Apple’s [AAPL] share price has been flat so far this year, with gains of just 3.1% in the year to date (through 29 June). After a rapid surge in January, Apple’s share price fell to earth on 8 March when it closed at $116.36, 12.1% down for the year and 19.8% below its previous peak of $145.09, which it hit during intraday trading on 25 January.
In early April, Apple’s share price recovered to the $130 mark, but tailed off again with a slump to $122.77 on 12 May. There has been a steady rally in Apple’s share price since then, which has seen its price increase to close 29 June at $136.33.
This puts Apple’s share price 51.7% above its level in the year-ago period. However, the company is now facing the latest in a string of antitrust probes that are affecting many big tech stocks, and a negative outcome could have a serious impact on Apple’s share price.
Upsetting the Apple cartel
Germany’s Federal Cartel Office has opened an investigation into Apple’s “digital ecosystem,” and the extent to which this has been used to establish market dominance for the firm.

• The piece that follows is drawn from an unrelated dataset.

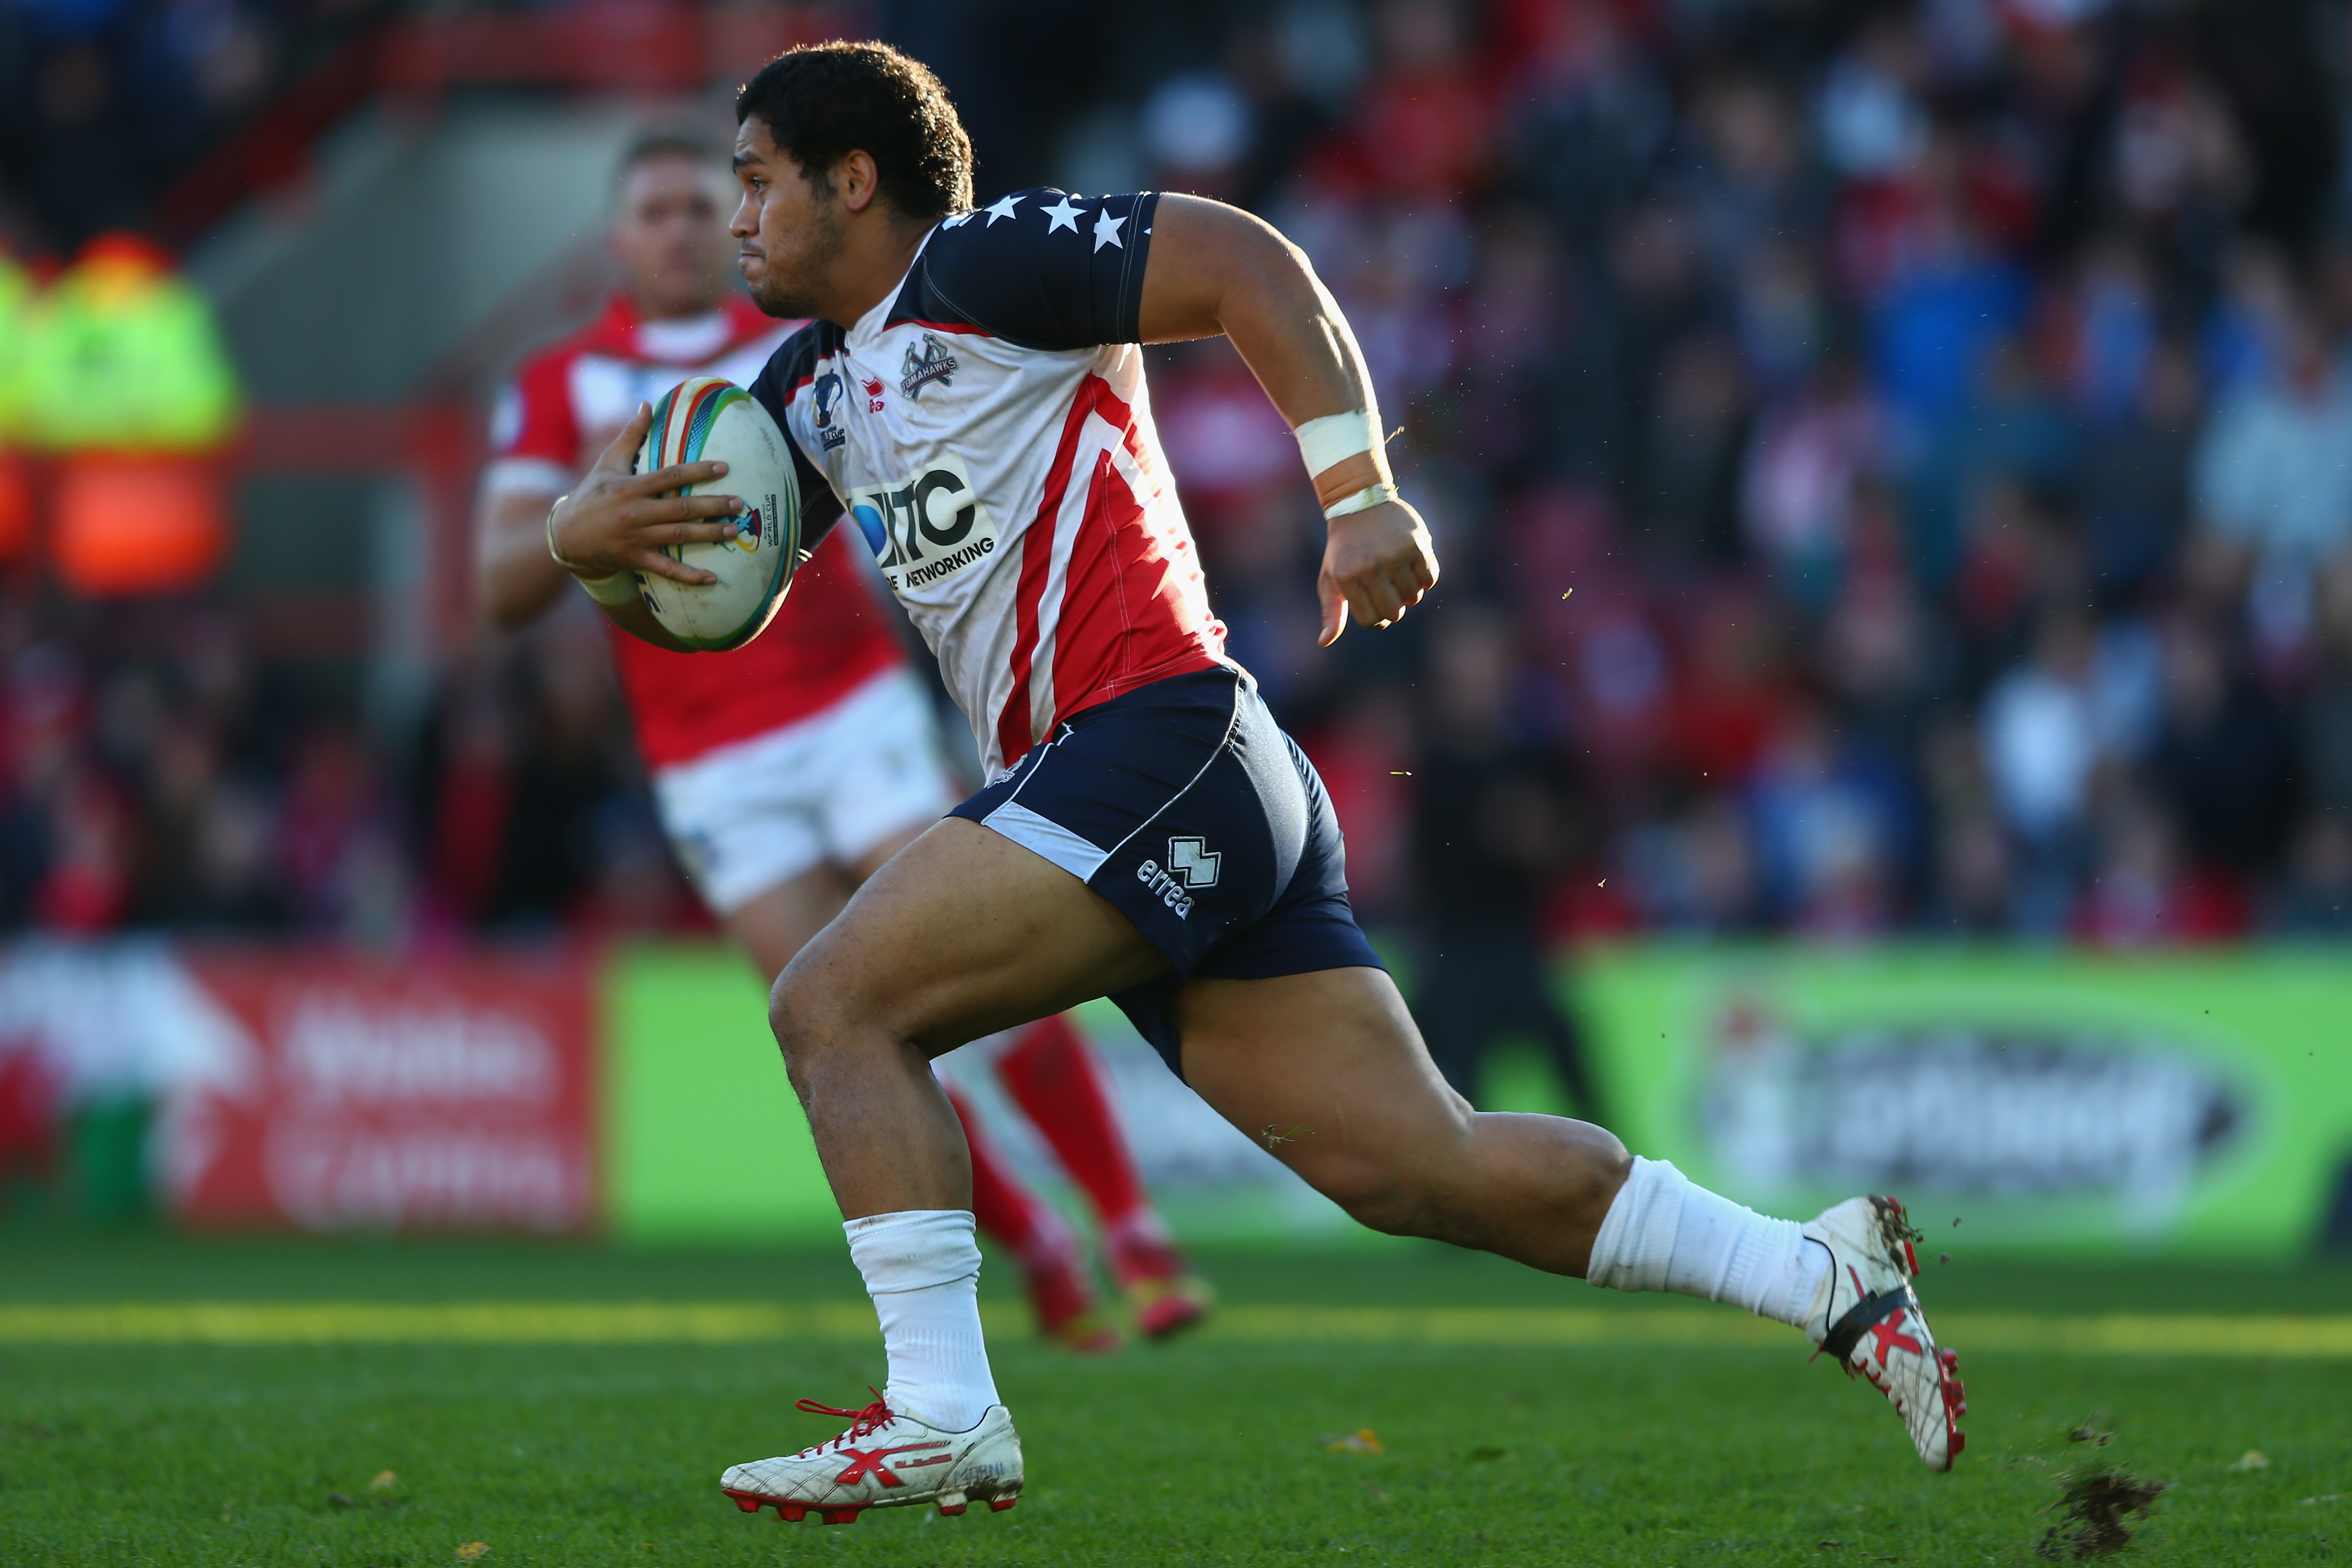 Faraimo and Pettybourne brothers in USA squad for Americas Championship

The App Store will reportedly be a primary focus for the regulator, given the degree of influence, it gives Apple over the actions of third parties. Complaints from app developers have centred on the requirement that developers use Apple’s own in-app purchase system, purchases through which generate a 30% commission for Apple. There are also complaints relating to iOS 14.5’s restrictions on user tracking as well as against Apple’s own apps being pre-installed on its products.
Andreas Mundt, head of the Federal Cartel Office, said in statement that “an ecosystem which extends across various markets” could indicate that a company is of “paramount significance across markets”, according to the Financial Times.
“Beside assessing the company’s position in these areas, we will, among other aspects, examine its extensive integration across several market levels, the magnitude of its technological and financial resources, and its access to data.”
“Beside assessing the company’s position in these areas, we will, among other aspects, examine its extensive integration across several market levels, the magnitude of its technological and financial resources, and its access to data” - Andreas Mundt, head of the Federal Cartel Office
The investigation follows probes by the regulator into big tech giants Facebook [FB], Google [GOOGL] and Amazon [AMZN] over recent months. This in turn is playing out against a backdrop of massively increased scrutiny of big tech firms on both sides of the Atlantic, with analysts such as Laura Petrone of GlobalData expecting more on the horizon.
“The EC’s [European Commission] proposed Digital Markets Act aims to constrain platforms so that they don’t become monopolies,” Petrone told Variety. “This is increasingly viewed as a desirable solution by antitrust regulators worldwide, and more recently the US House of Representatives has introduced five different bills seeking to tame the power of the world’s largest technology companies.”
The US’s stance on the big tech clampdown was emphasised by president Joe Biden’s promotion of antitrust legal scholar and staunch big tech critic Lina Khan to head the Federal Trade Commission. Her appointment on 15 June saw Apple’s share price slip 0.6%.
A May clash between Apple and Epic Games in California covered similar ground to the German probe, with the final verdict awaiting the announcement.
“This is increasingly viewed as a desirable solution by antitrust regulators worldwide, and more recently the US House of Representatives has introduced five different bills seeking to tame the power of the world’s largest technology companies” - Laura Petrone of GlobalData
Apple defended itself by saying its iOS app economy supports more than 250,000 jobs in Germany, with its App Store giving developers the scope to “share their passion and creativity with users around the world,” adding that the company looked forward to an “open dialogue” with antitrust authorities.
According to TheNew York Times, Tim Cook (pictured above), Apple’s CEO, delivered a “warning” about how “rushed” antitrust bills could disrupt its iPhone business.
Investors don’t appear to be fazed, however. Apple’s share price increased 1.4% on 21 June when the investigation was announced.
The investigations haven’t had a noticeable impact on the tech industry’s performance as a whole either. The Invesco QQQ Trust [QQQ], which tracks the tech-heavy Nasdaq index, gained 13.4% in the year-to-date (through 29 June), with gains of 12.2% in the month and a half since 12 May alone. Apple is the fund’s largest holding at 10.85% as of 29 June, so any lag on Apple’s share price would impact the fund’s performance.
With the App Store’s rise to dominance symbolising a generation that spends unprecedented amounts of time on their phones, it is appropriate that Apple is also held by the Global X Millennial Consumer ETF [MILN]. Apple’s share price is a smaller factor in this fund, however, it being the tenth-largest holding at 3.06% of net assets as of 29 June. The Global X Millennial Consumer ETF has outperformed the Invesco QQQ Trust in the year to date, gaining 16.1%.